1) We use a cassandra as our main analytics database since it can handle a lot of traffic for writes. Since it is write optimized, it is a lot better than a relational database since relational databases use b-trees and will have slower writes
2) Since we do sharding - we have to keep in mind that we cannot join easily. Since we dont really need to join any data, it is a good choice for us.
3) Since we do read replicas - we need to keep in mind the delay in updating the replicas. Since we have a cache that we update and since the first write is returned optimistically. it should be covered.
4) Since we have a few nodes/shards/replicas we need to know how to manage this system. A tool like Kubernetes, can be used to make sure our nodes are up and running.
Failure scenarios/bottlenecks
1) The load balancer is a bottleneck and could fail. We will have a backup loads balancer who is passive. Traffic will be redirected to it in case the main load balancer fails
2) Nodes in the database and caches could fail. Since we are using Kubernetes, we rely on it to bring them back up.
3) Servers running the services could fail. Again, we rely on Kubernetes/or other orchestration software to revive the services.
3) We rely on Kubernetes and it could fail.
4) When a node in the Redis cluster fails, we could get a lot of cache misses. Since we use consistent hashing, we only get a minimal amount of keys that get affected since they are split in between the nodes and virtual nodes
5) Some database nodes could get too much traffic/data if the sharding is not done properly - a hot spot. We have to monitor this so that we can improve our key distribution. Sharding the large node should be enough to fix the issue temporarily.
Future improvements
1) Adding availability zones like east and west coast. Adding data centres in multiple continents to get closer to users. This can reduce the load of the system since we balance the load among regions. Doing this also improves availability since now even if datacenters or availability zones are down, we can redirect to other regions.

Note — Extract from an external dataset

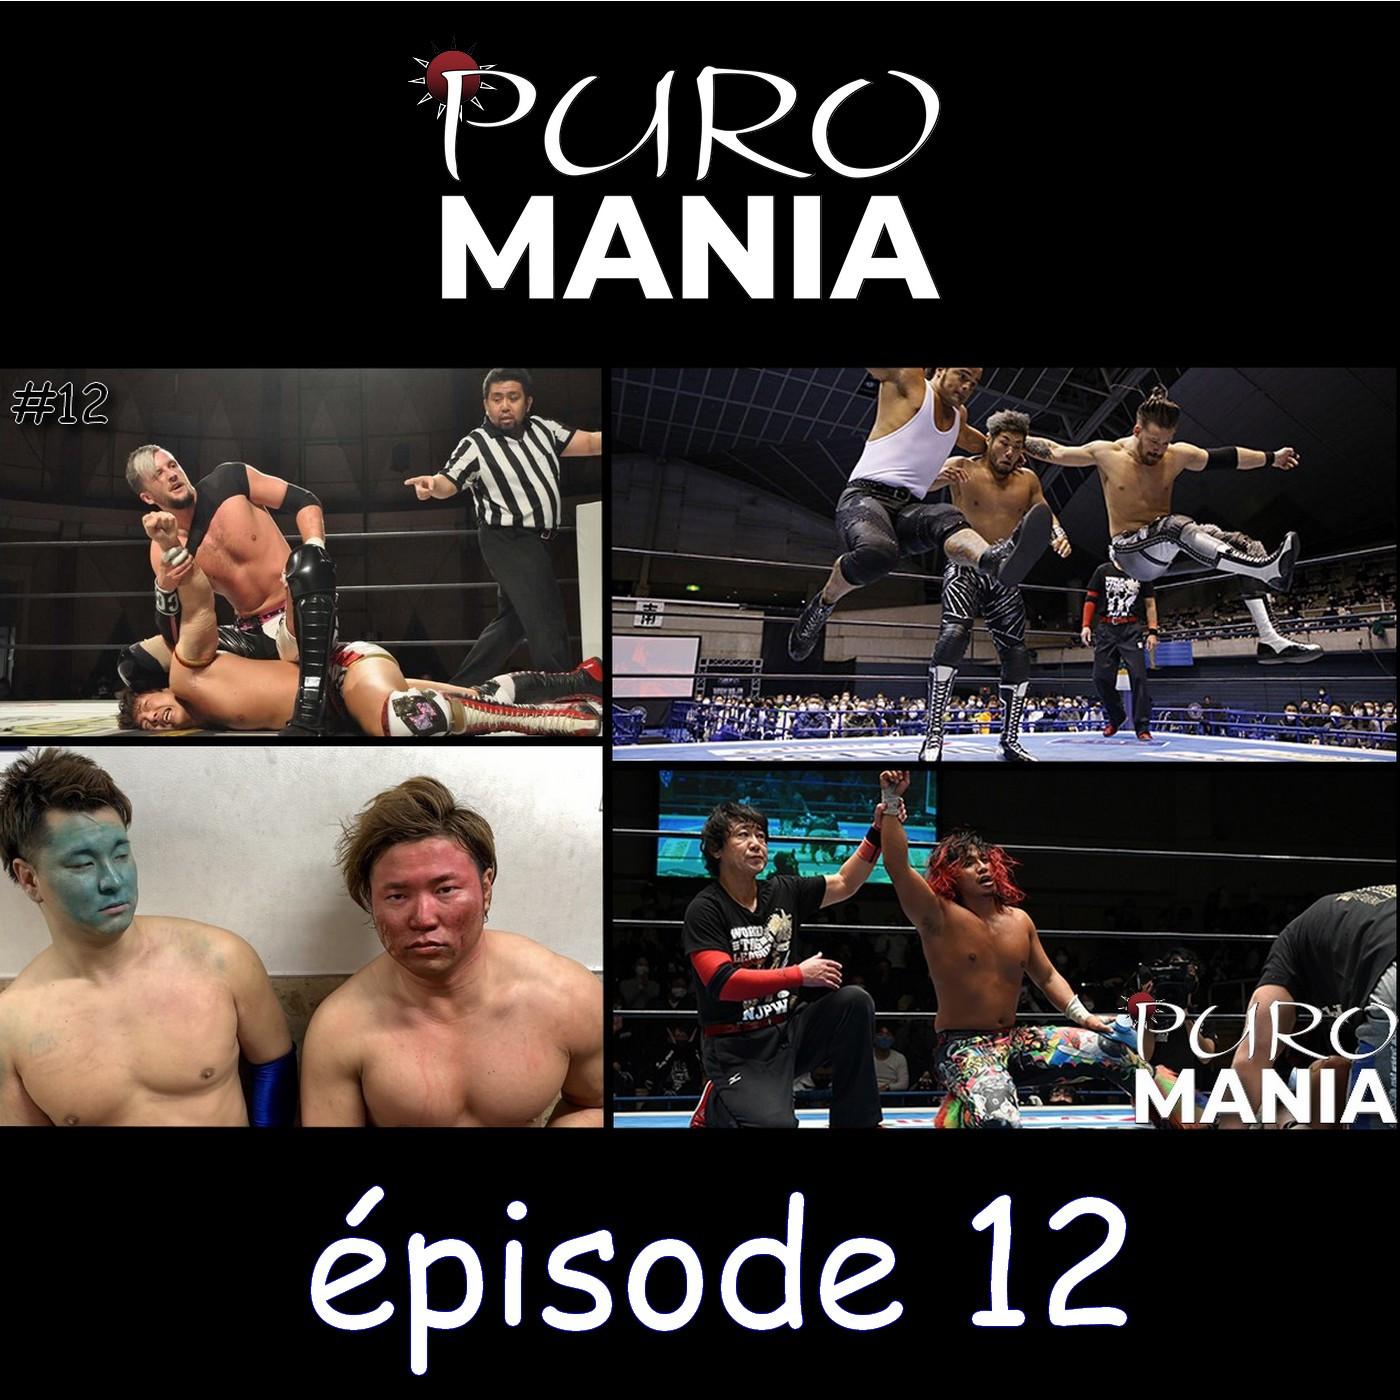 PuroMania #12 : Tag League NJPW - 4,5,6 et AJPW - 3,4, BOSJ - 4,5,6 + DDT D-Ou Grand Prix 2,3,4

2) Improved algorithms when generating shortened URLS. Since currently we hash it our selves. There is no causality, it is hard to order the shortened URLs. For this we can use a technique like SnowFlake which integrates some of the bits in the returned value so we are able to have some order.
3) Using Terraform to manage the whole system. Since now there are a lot of moving parts, we need to use something that can make managing our system easier.
4) Using Redis Sentinel to manage our cache clusters can help us handle failure events.
5) We also need to discuss how our databases handle partition events. Like in primary/secondary where have promote a secondary node to a primary. Voting mechanisms to who should be the new primary. How data is replicated among nodes. So we can gracefully recover from the backups/replicas.